# SKI/BOARD: Okemo Opening - 11/18/05



## snosharkrider (Oct 6, 2005)

okemo posted their new site and more importantly they're shooting for a nov 5. open.

of course the road to early 'mountain openings' is paved with good intentions.


----------



## Vortex (Oct 6, 2005)

They had their opening date posted last year early.  It did not get changed until 1 day before scheduled opening and then we waited a bit.


----------



## ctenidae (Oct 6, 2005)

Okemo beating Killington would be cool.


----------



## Greg (Oct 6, 2005)

ctenidae said:
			
		

> Okemo beating Killington would be cool.


Doubtful. Again, these opening dates are tentative, obviously. I suspect that if Okemo is able to open on the 5th, then Killington will open earlier than their tentative date of the 11th. If it's cold enough for Okemo to open, it'll be cold enough for K and likely others.

Moving to T&E and adding an event to the *calendar*.


----------



## loafer89 (Oct 6, 2005)

An early opening at Okemo means skiing on the upper mountain on Buckhorn, Countdown and Upper World Cup, with a shuttle bus to the North Star Express.

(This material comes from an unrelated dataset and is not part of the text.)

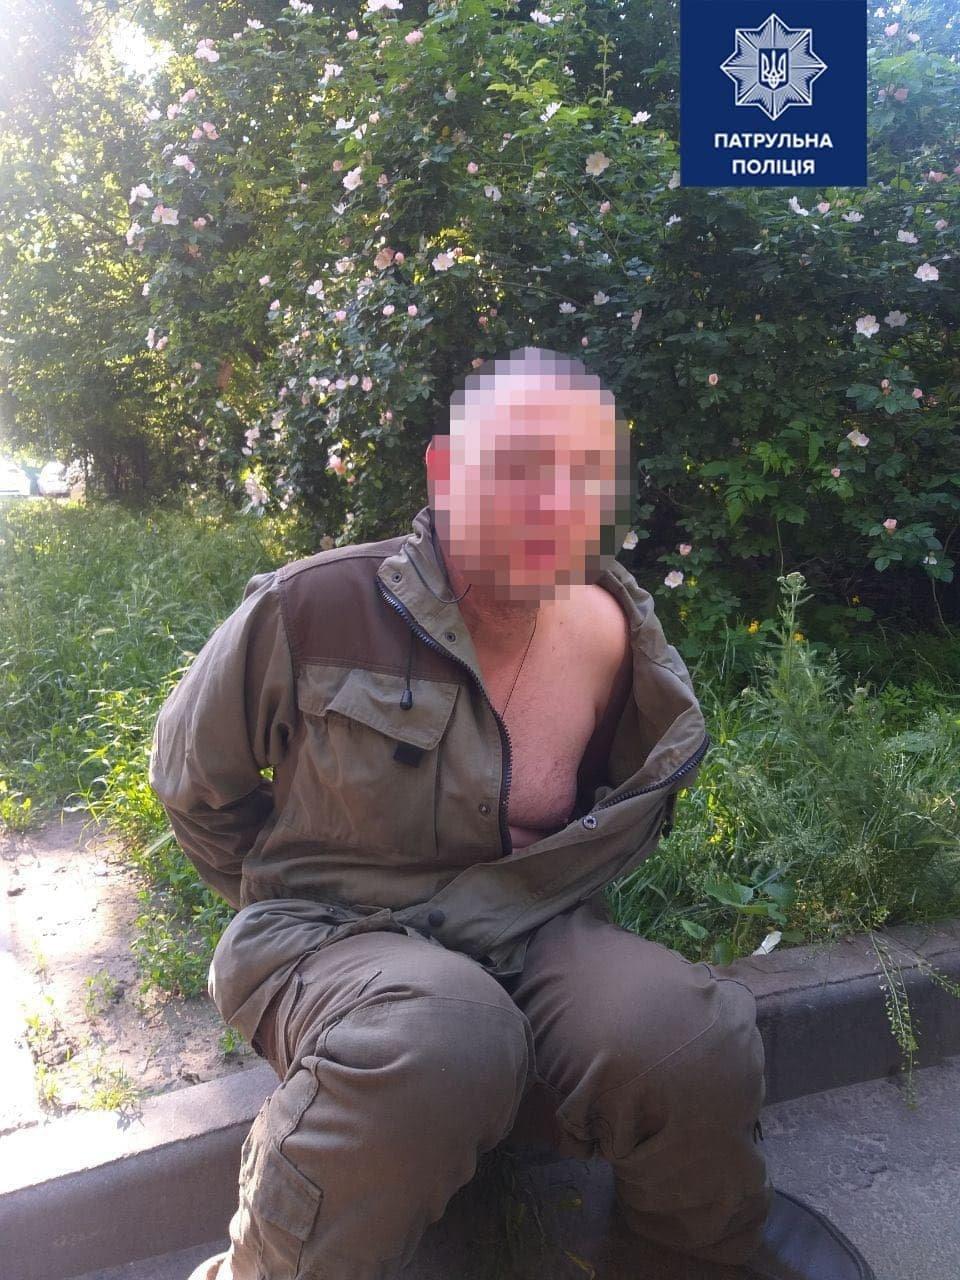 В Одессе полиция задержала мужчину за учебные гранаты, - ФОТО, фото-2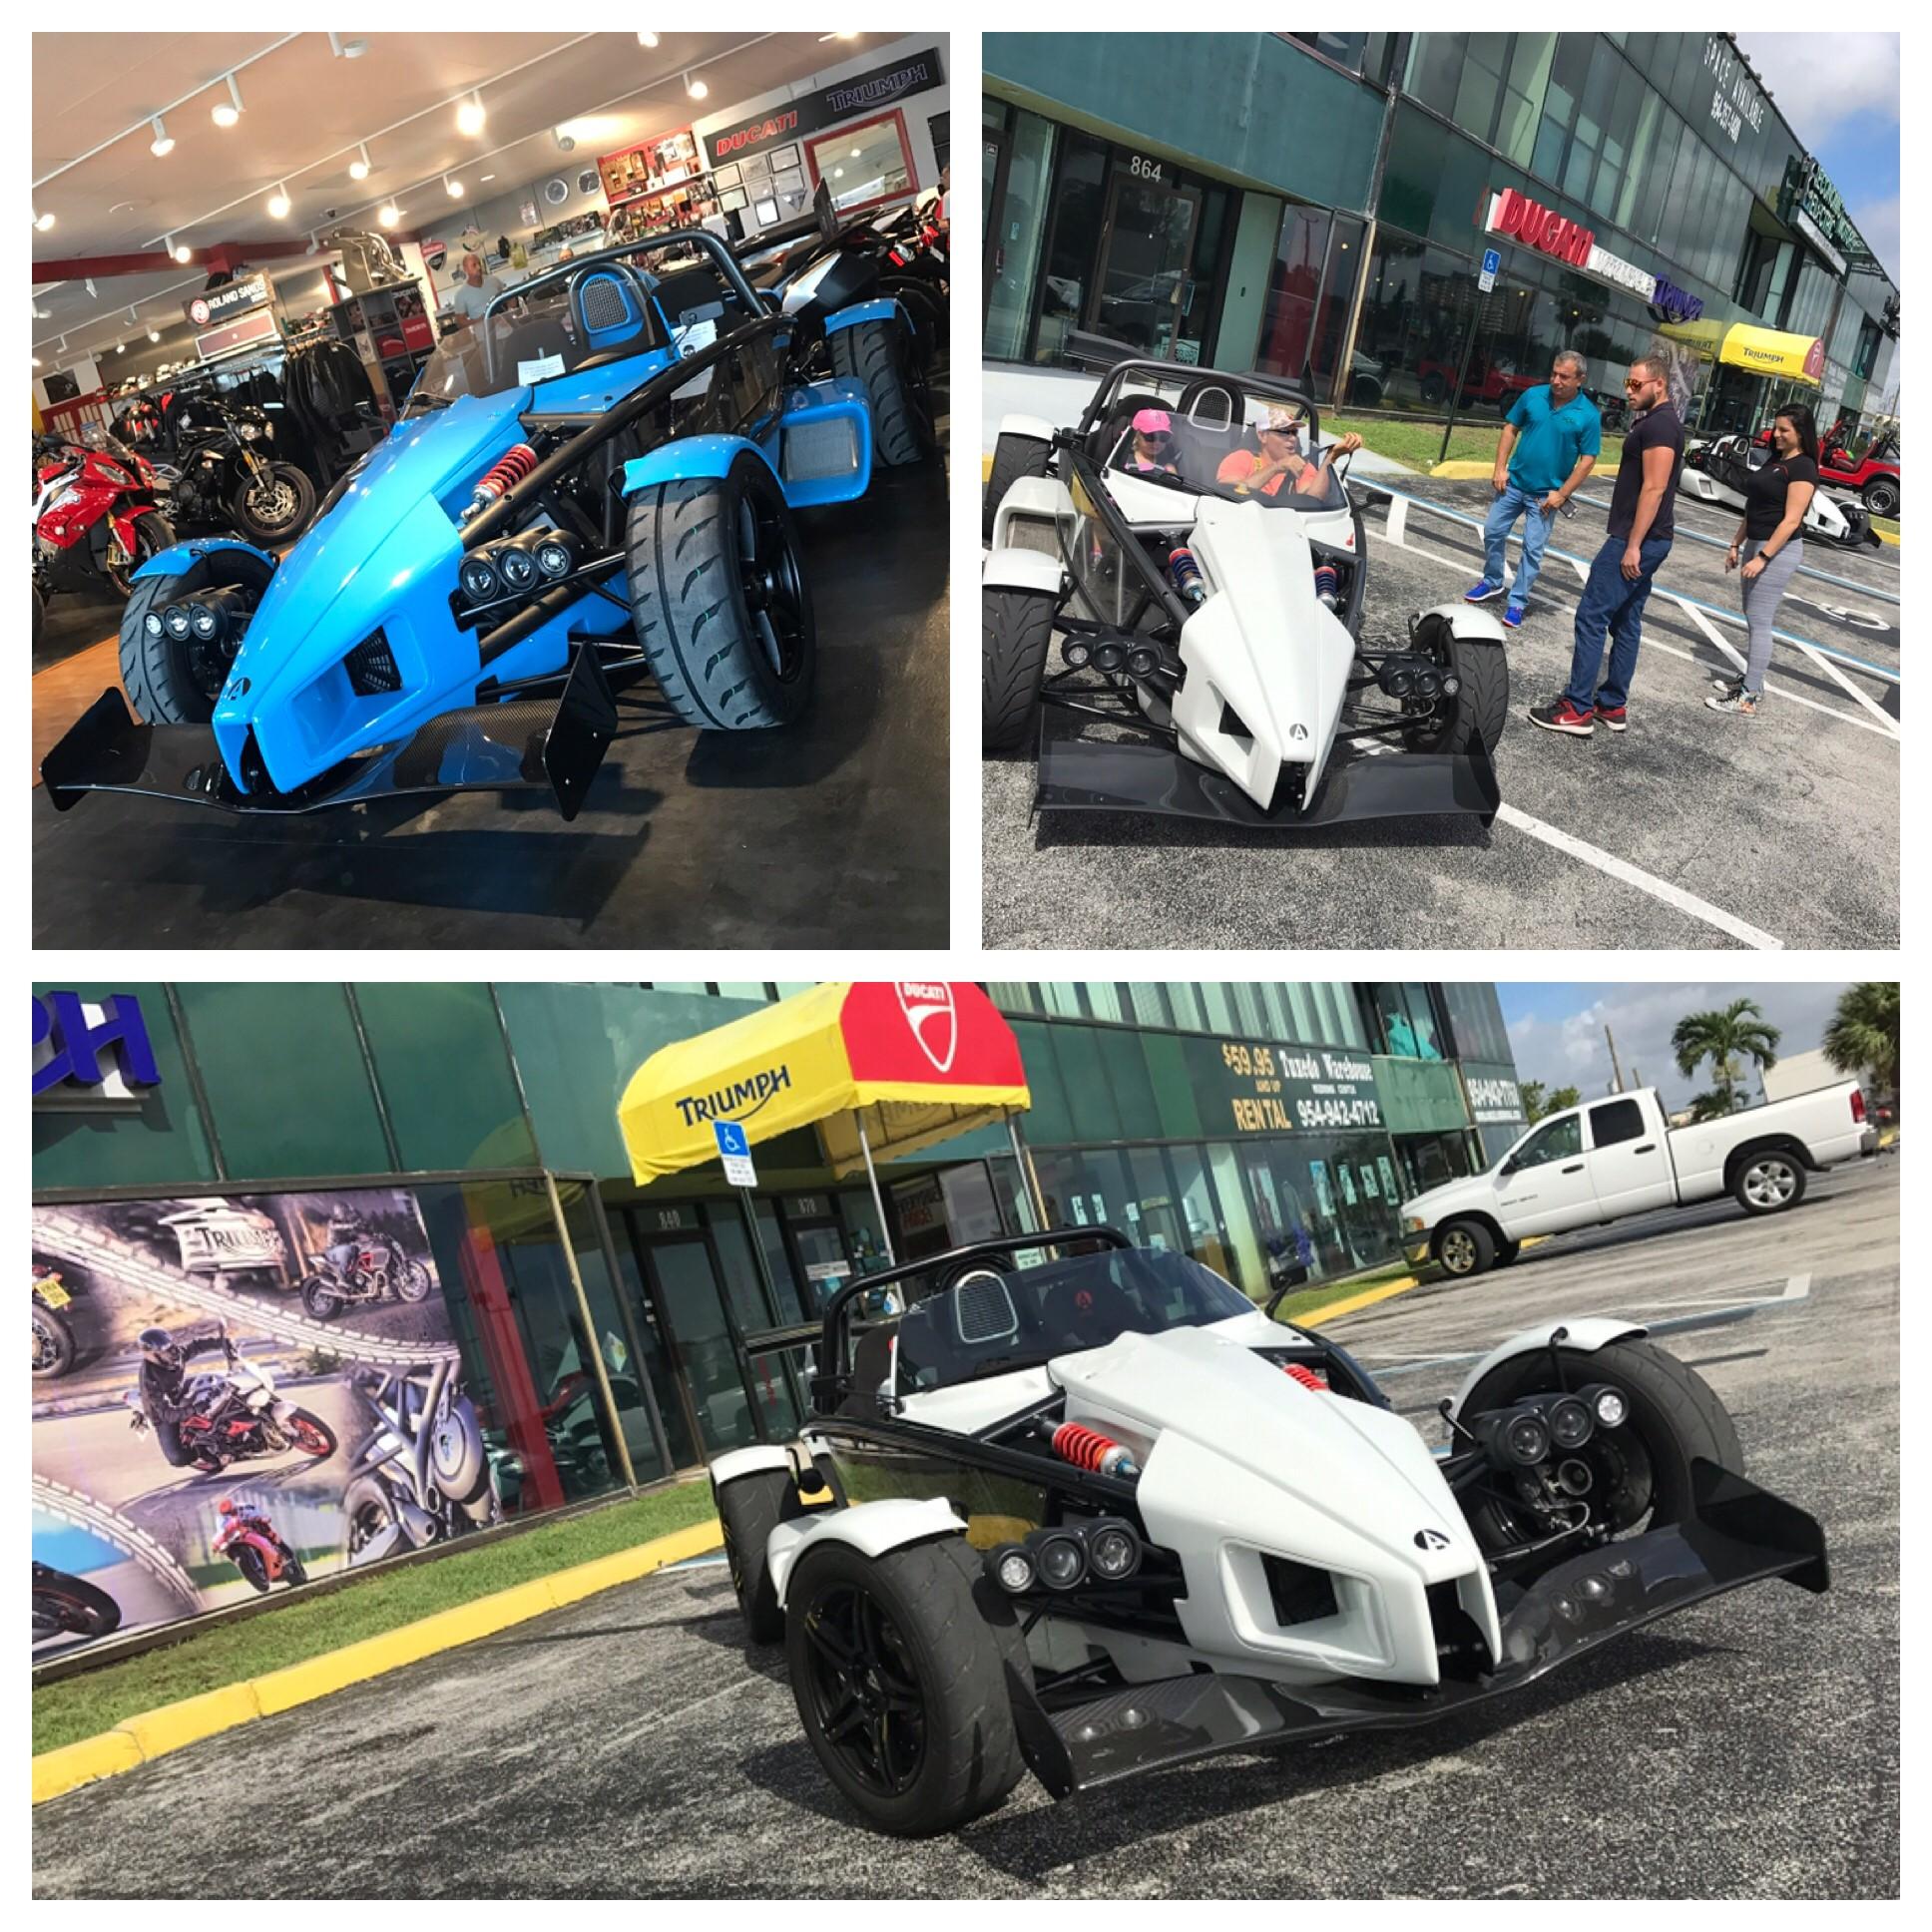 October, 2017 - Dealer Meet & Greet at Two Wheels World

I did this a few times, but always found Killington to have better conditions with it's superior elevation.


----------



## Greg (Nov 8, 2005)

Okemo pushed the opening back to 11/18.


----------



## Rushski (Nov 9, 2005)

See what next week holds...

Hoping this date is true as I have that Friday off AND an S-O-S weekday pass.


----------



## Greg (Nov 9, 2005)

http://news.alpinezone.com/6287/


----------